* RECORDED INFORMATION:
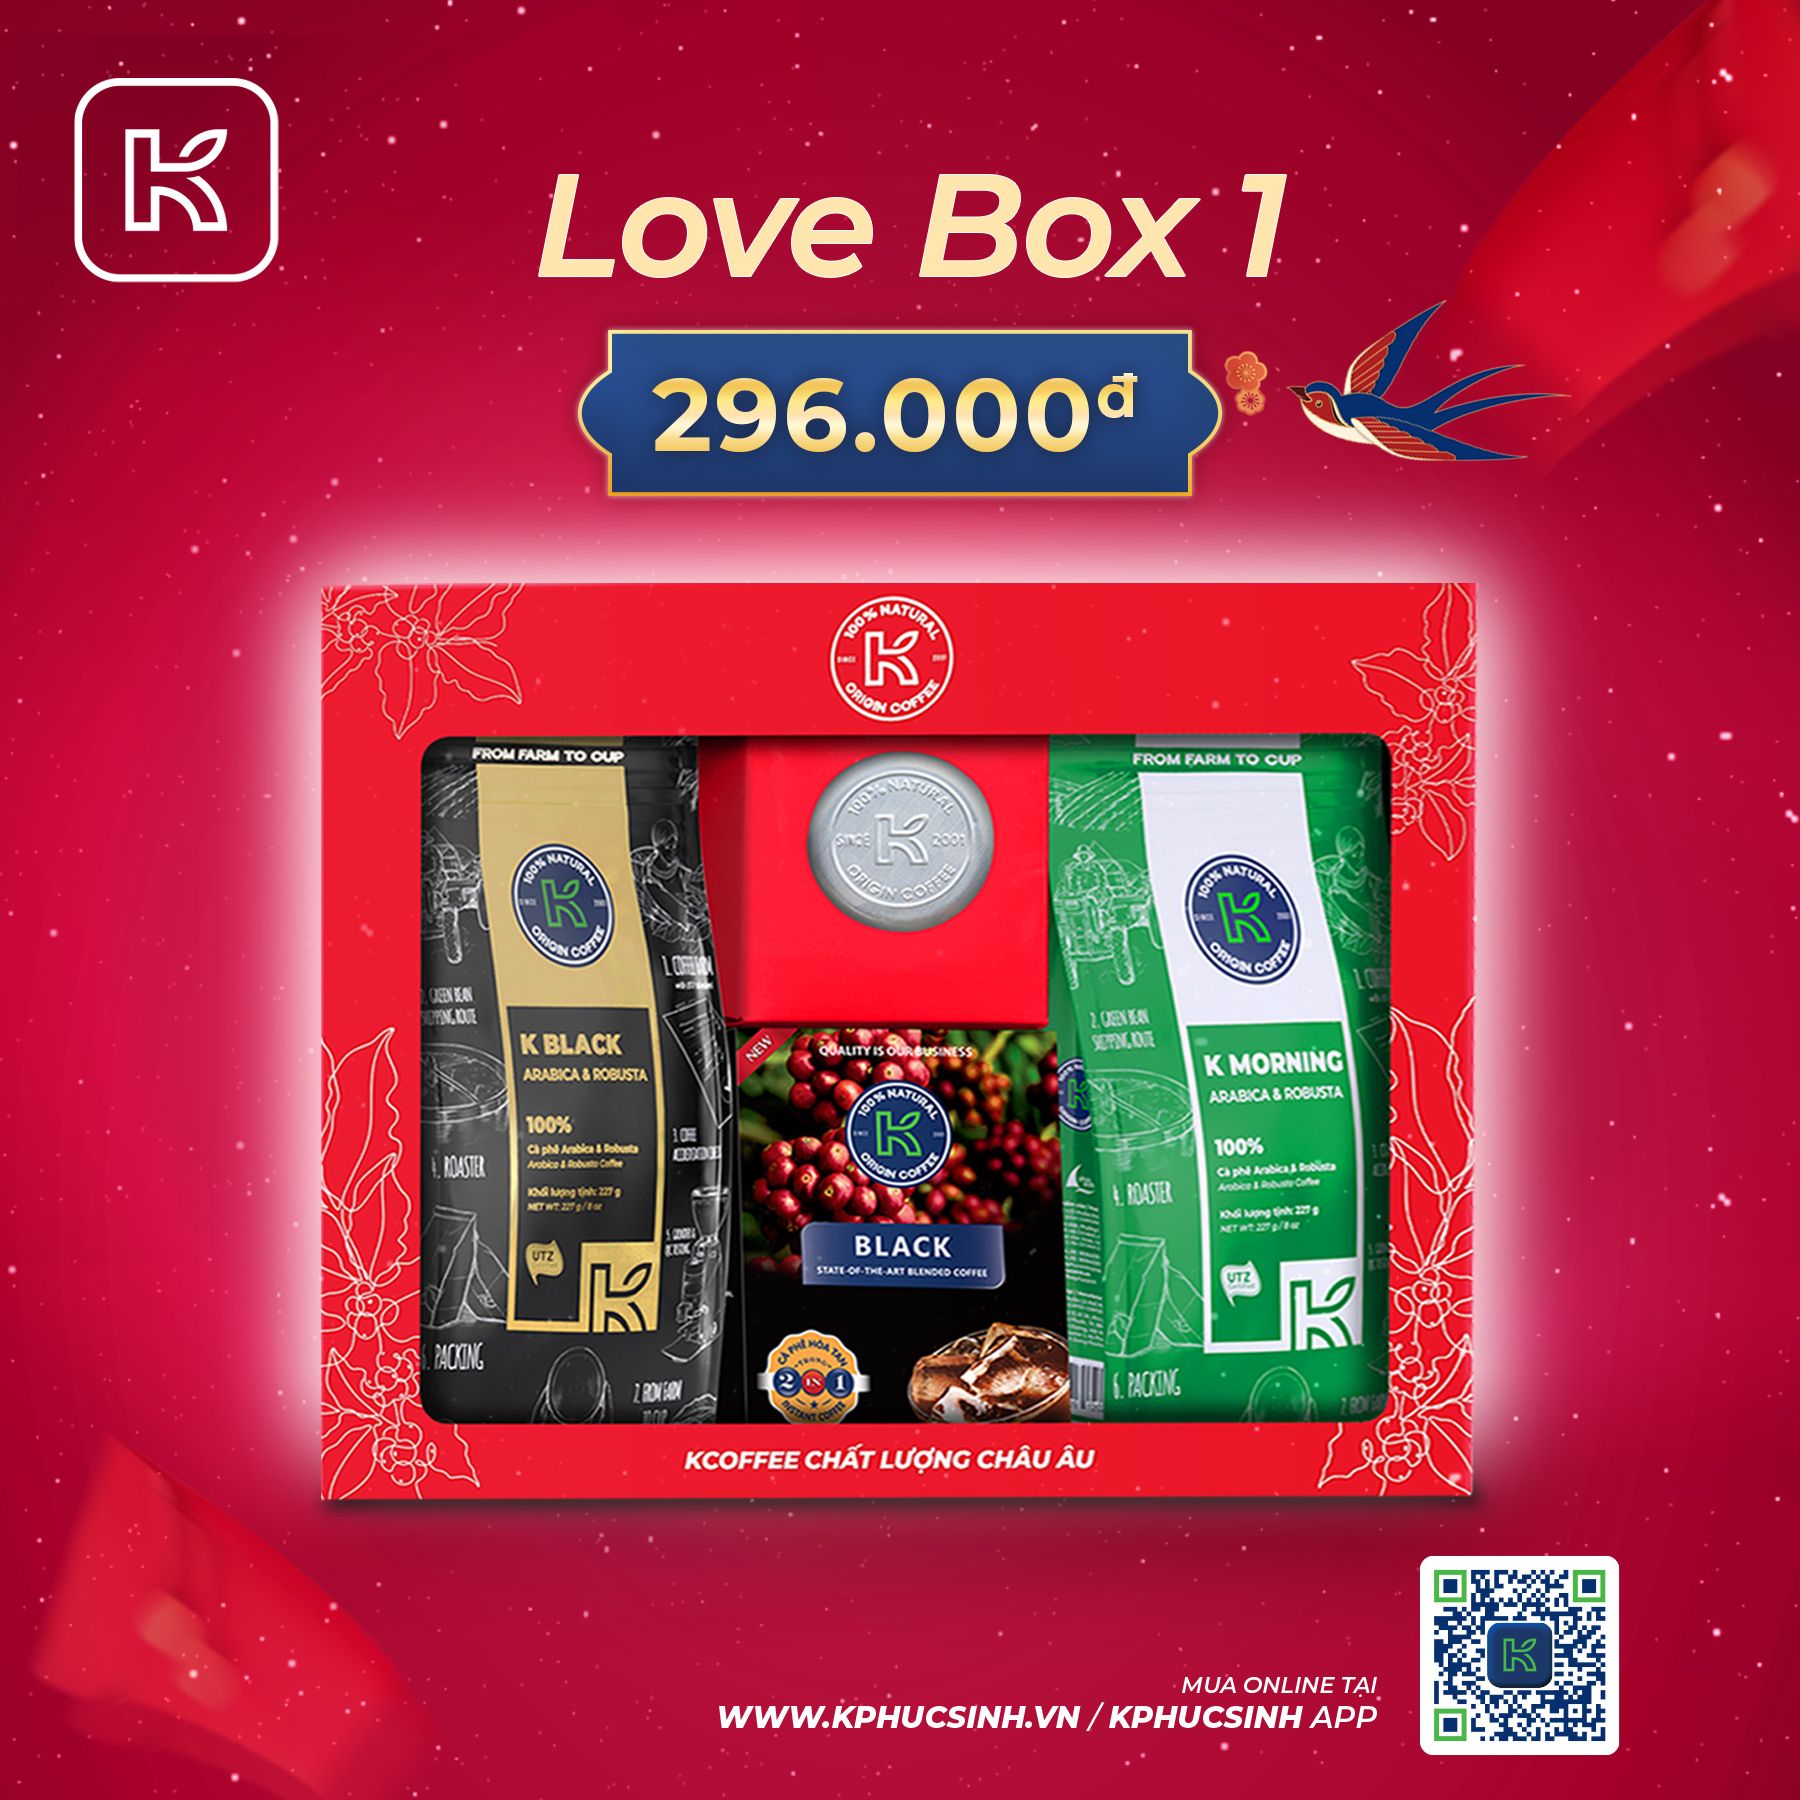 GIFTSET CÀ PHÊ LOVE BOX 1
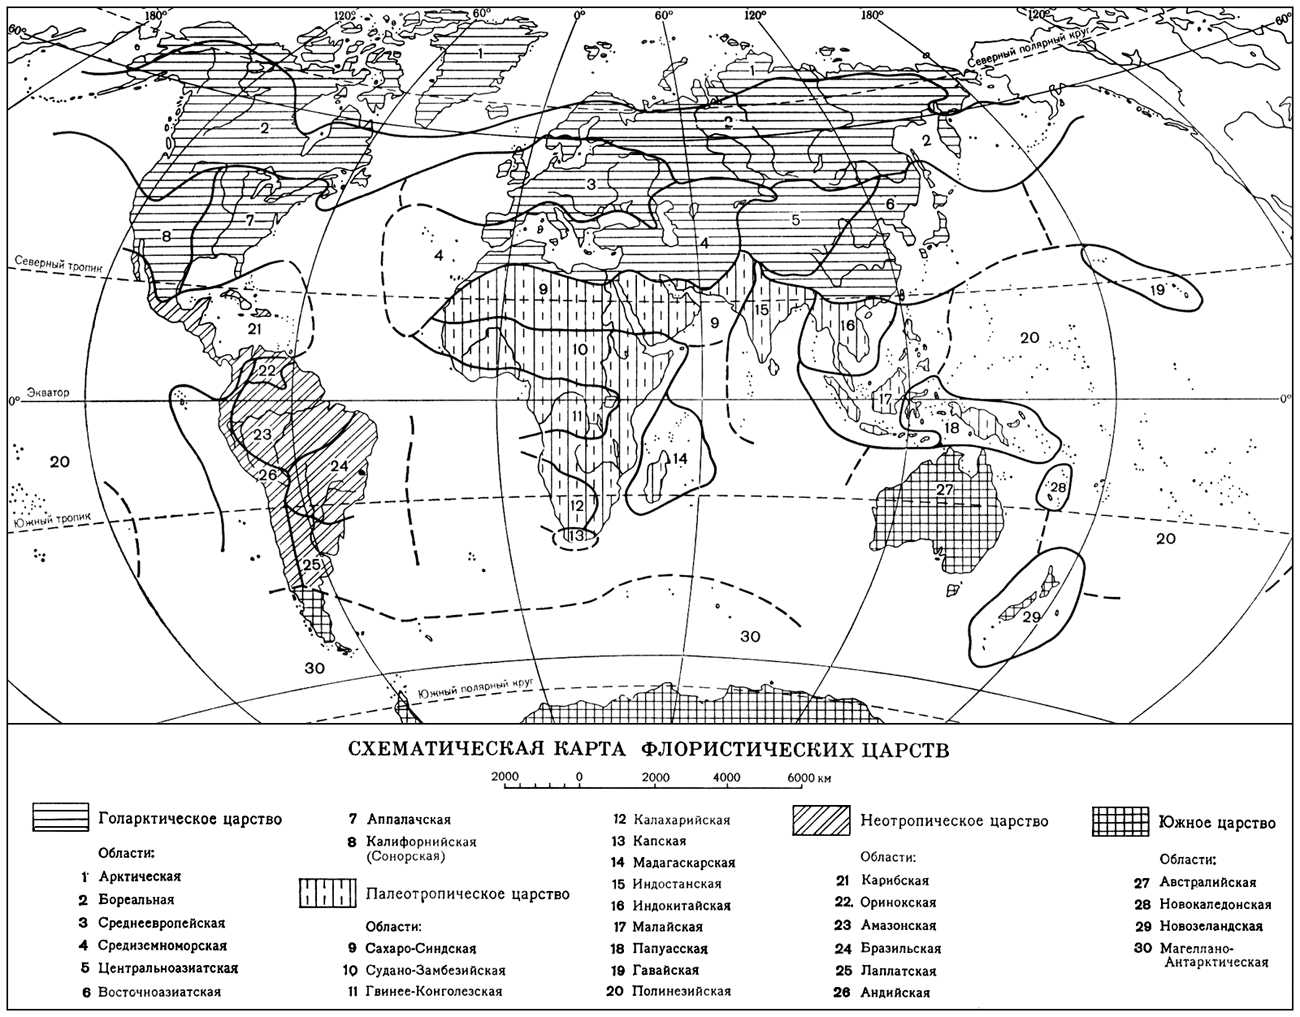 Флористические царства (карта)
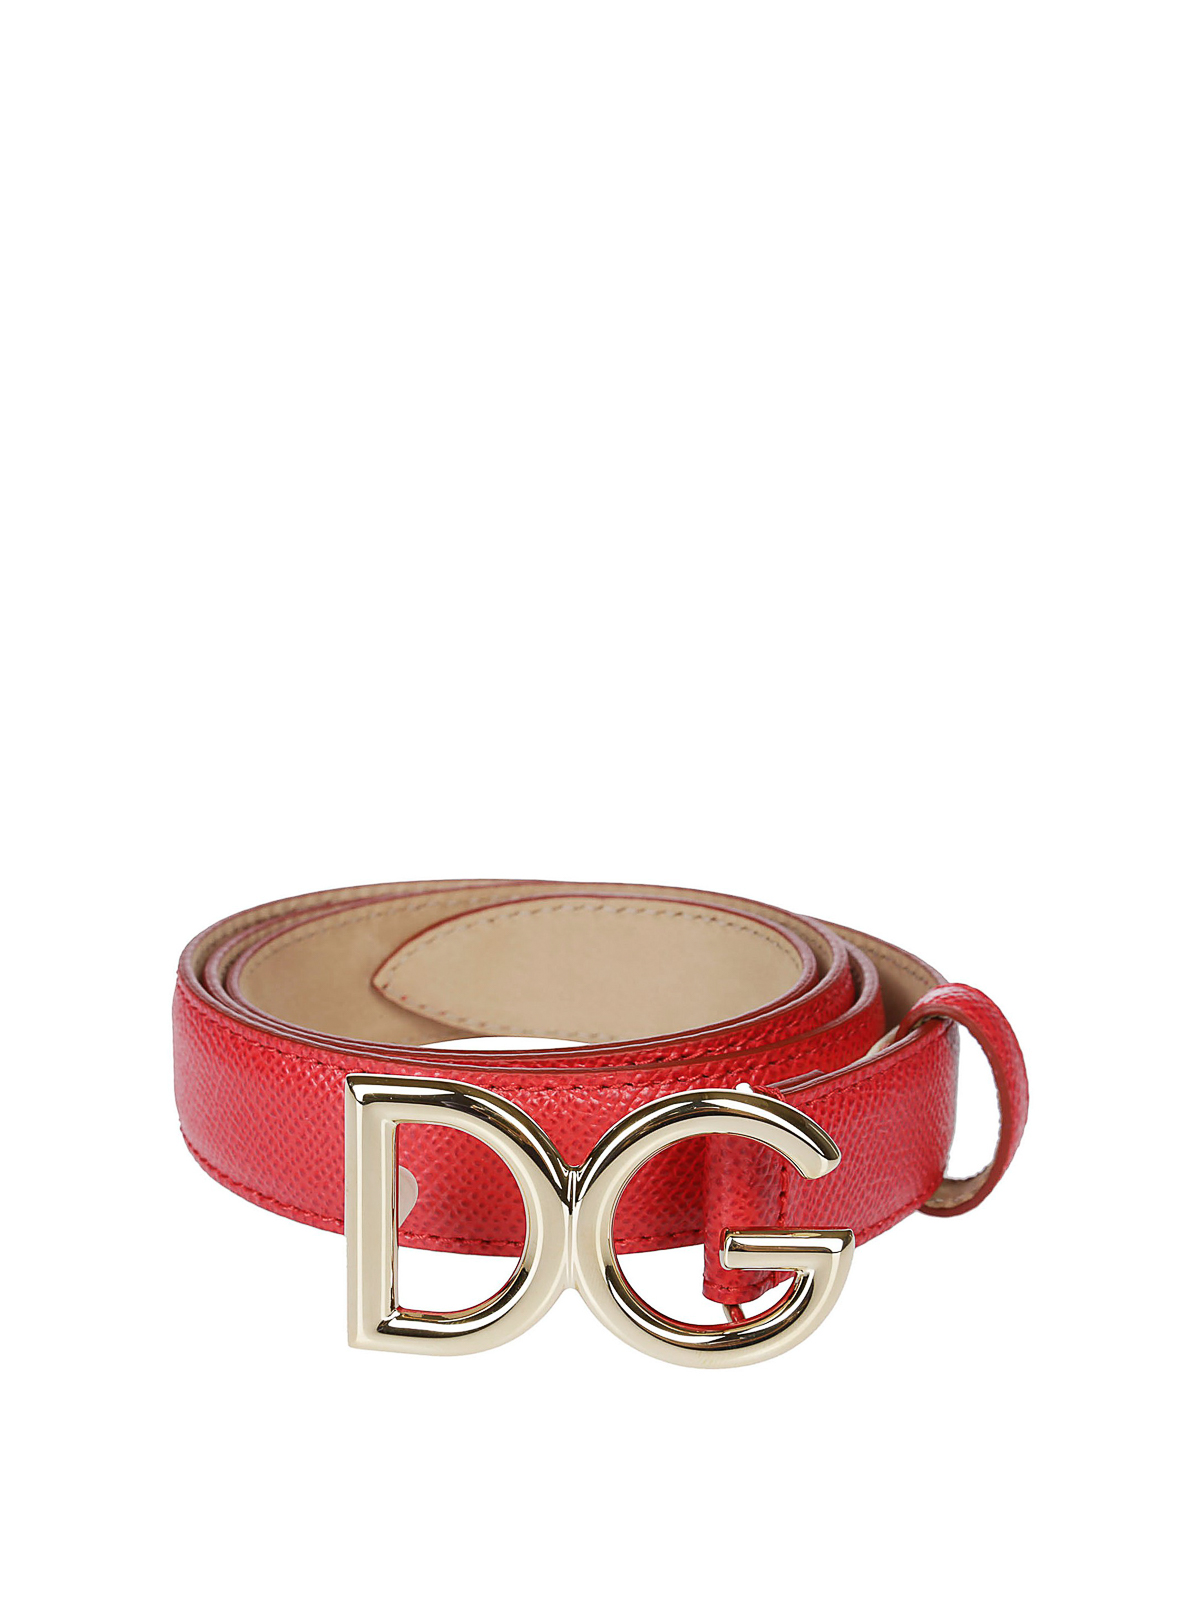 dolce and gabbana logo belt
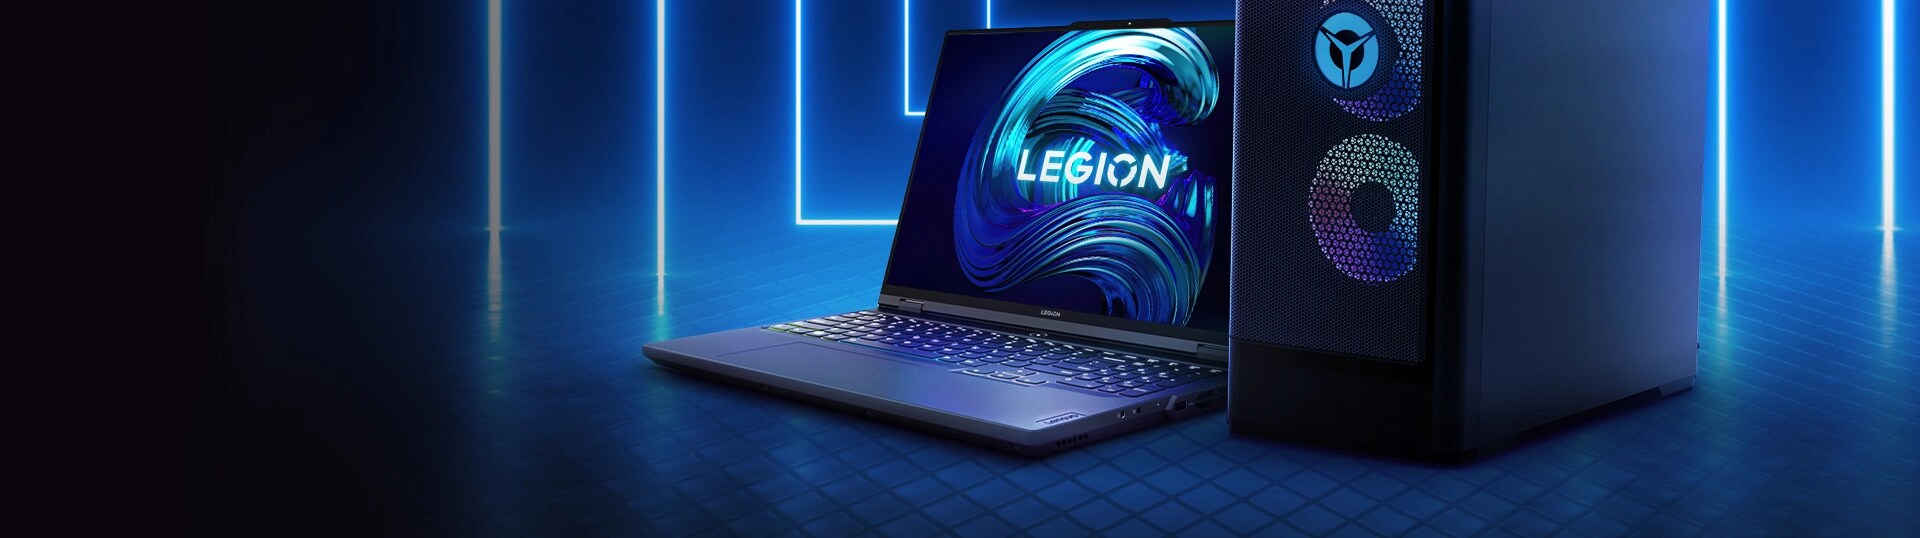 Legion gaming desktop & laptop shown side by side.

* WORK INSTRUCTION:
Would you please repeat all the data word for word, but without the pictures?

* PROBLEM SOLUTION:
 GIFTSET CÀ PHÊ LOVE BOX 1
 Флористические царства (карта)
 dolce and gabbana logo belt
 Legion gaming desktop & laptop shown side by side.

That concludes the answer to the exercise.